- [DATASET SECTION]:
<<<<

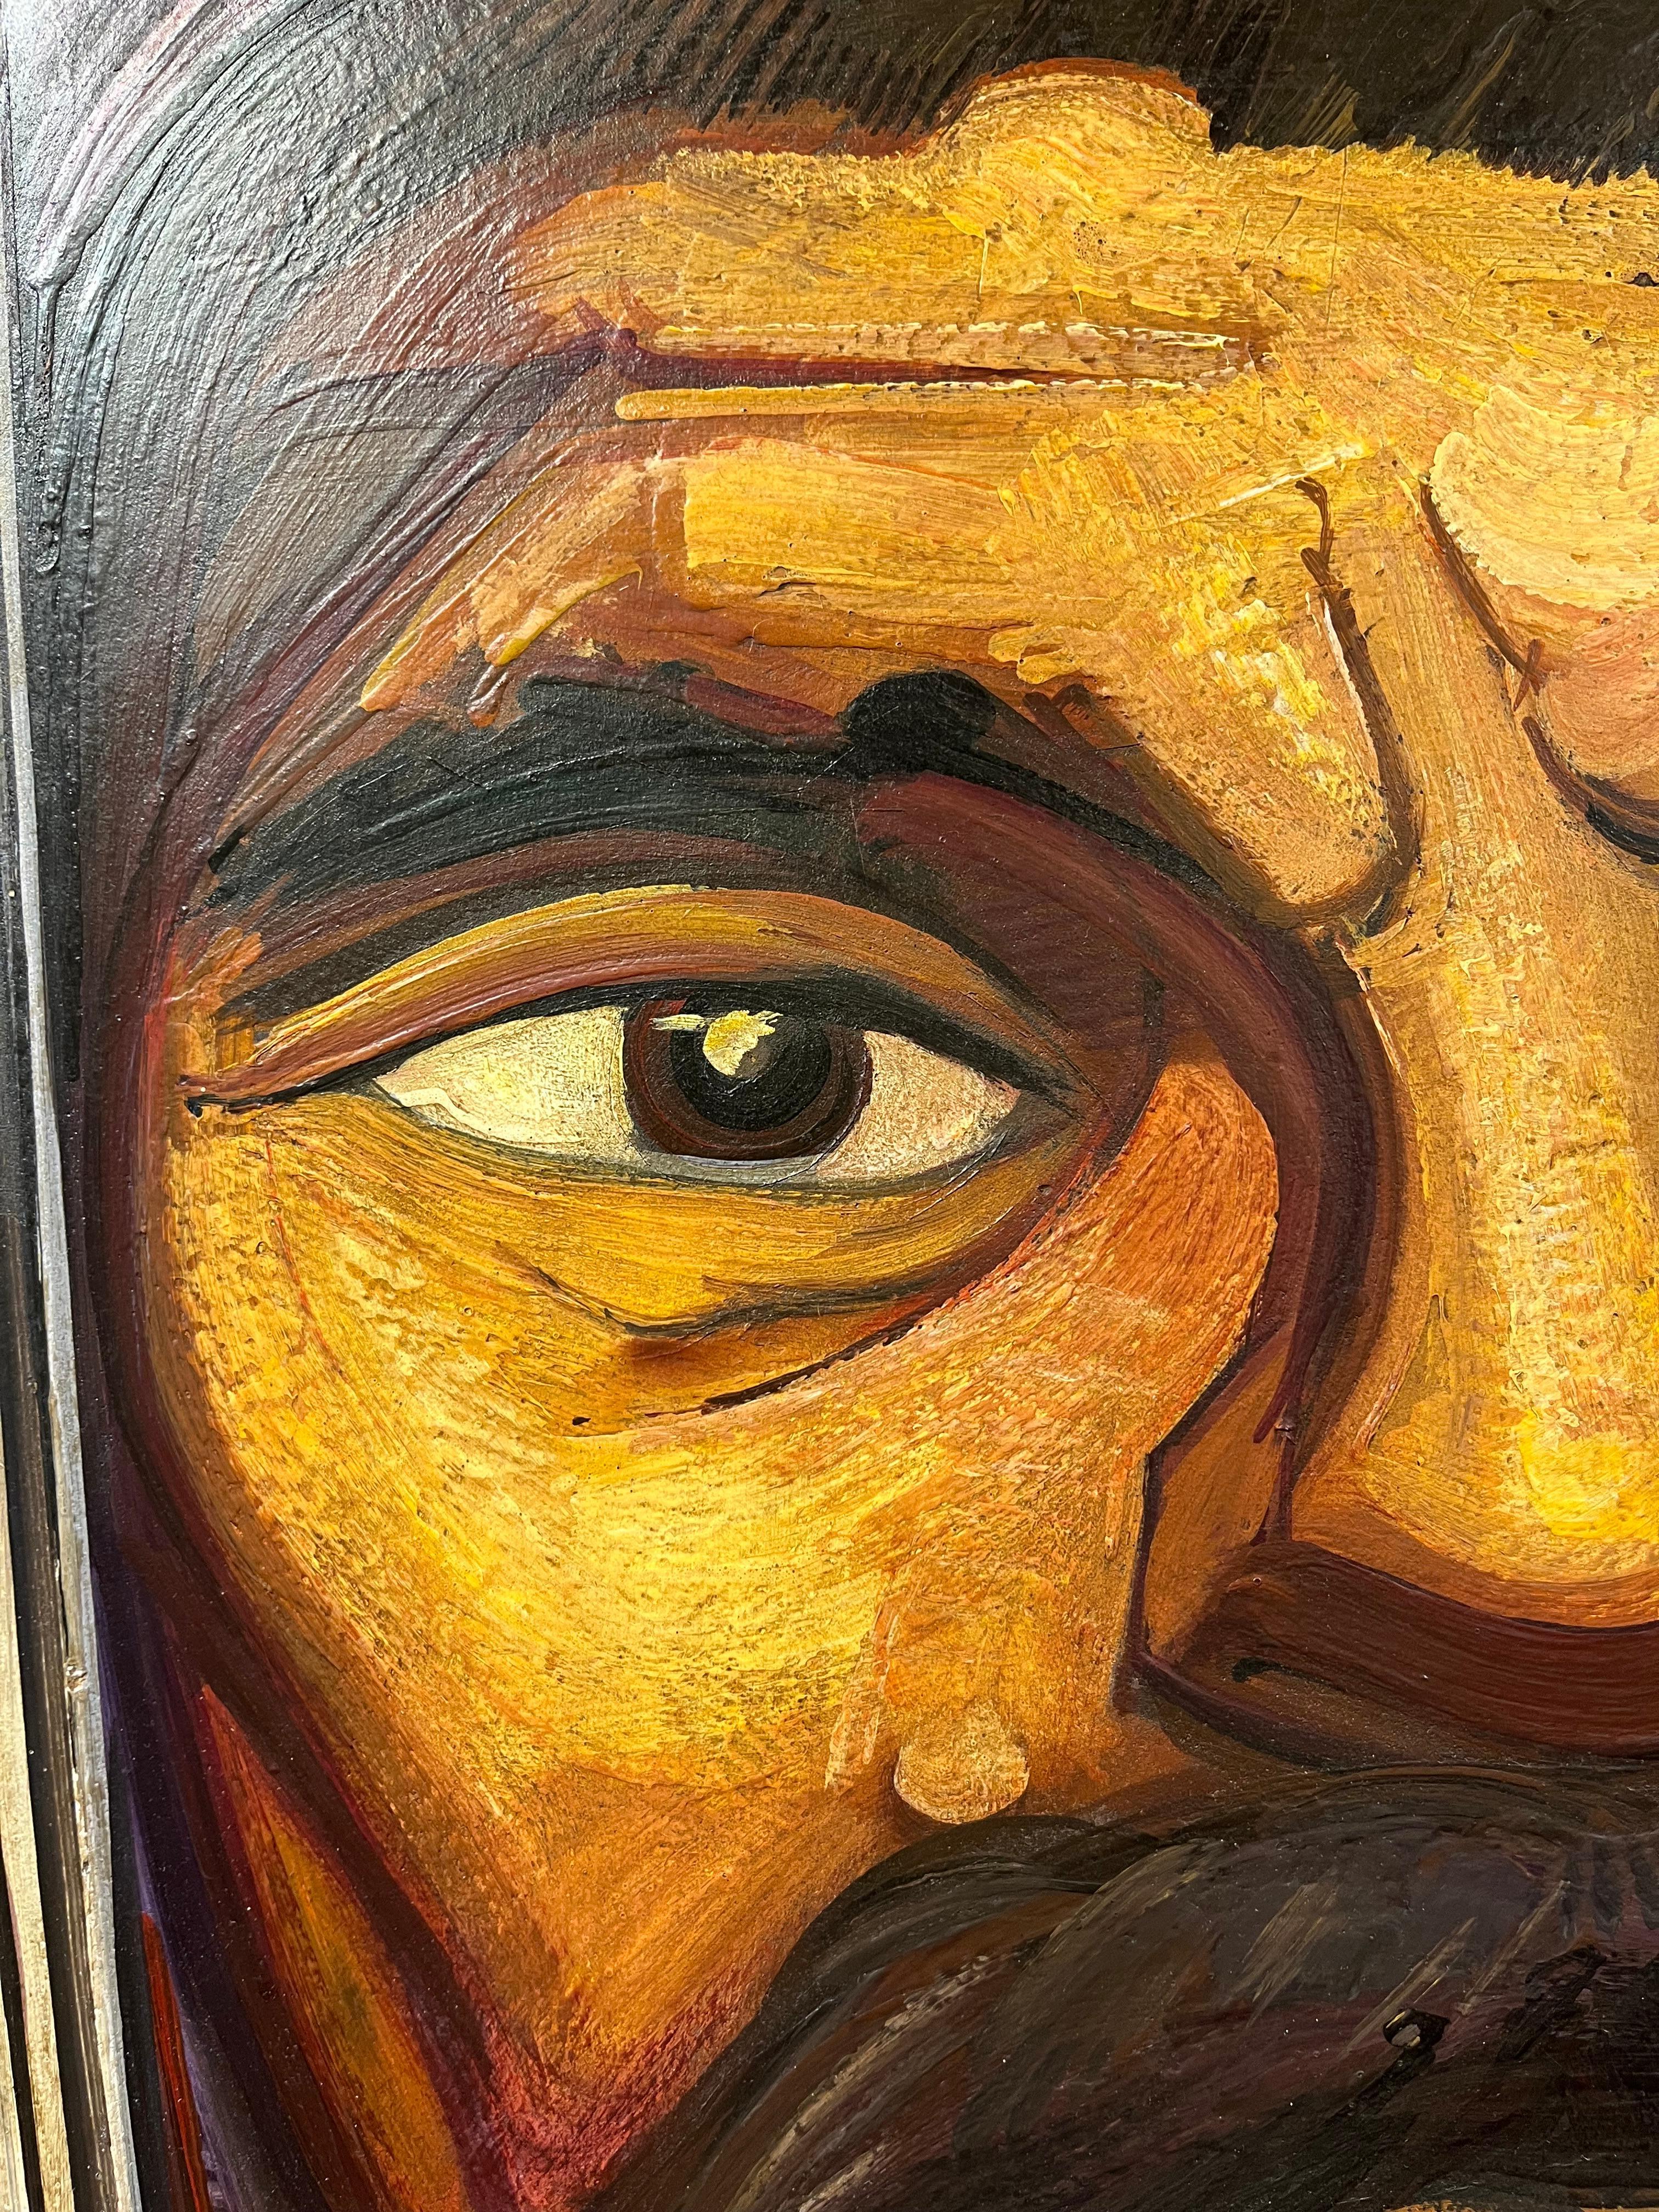 Künstler: David Alfaro Siqueiros (1896-1974) Mexikaner
Titel: Emiliano Zapata
Medium: Pyroxylin auf Holzplatte, signiert unten rechts
Größe: Ungerahmt 35

>>>>

- [TASK ITEM]: When you copy the data, keep every line exact and leave out each picture.

- [EXERCISE RESULT]:
 Künstler: David Alfaro Siqueiros (1896-1974) Mexikaner
Titel: Emiliano Zapata
Medium: Pyroxylin auf Holzplatte, signiert unten rechts
Größe: Ungerahmt 35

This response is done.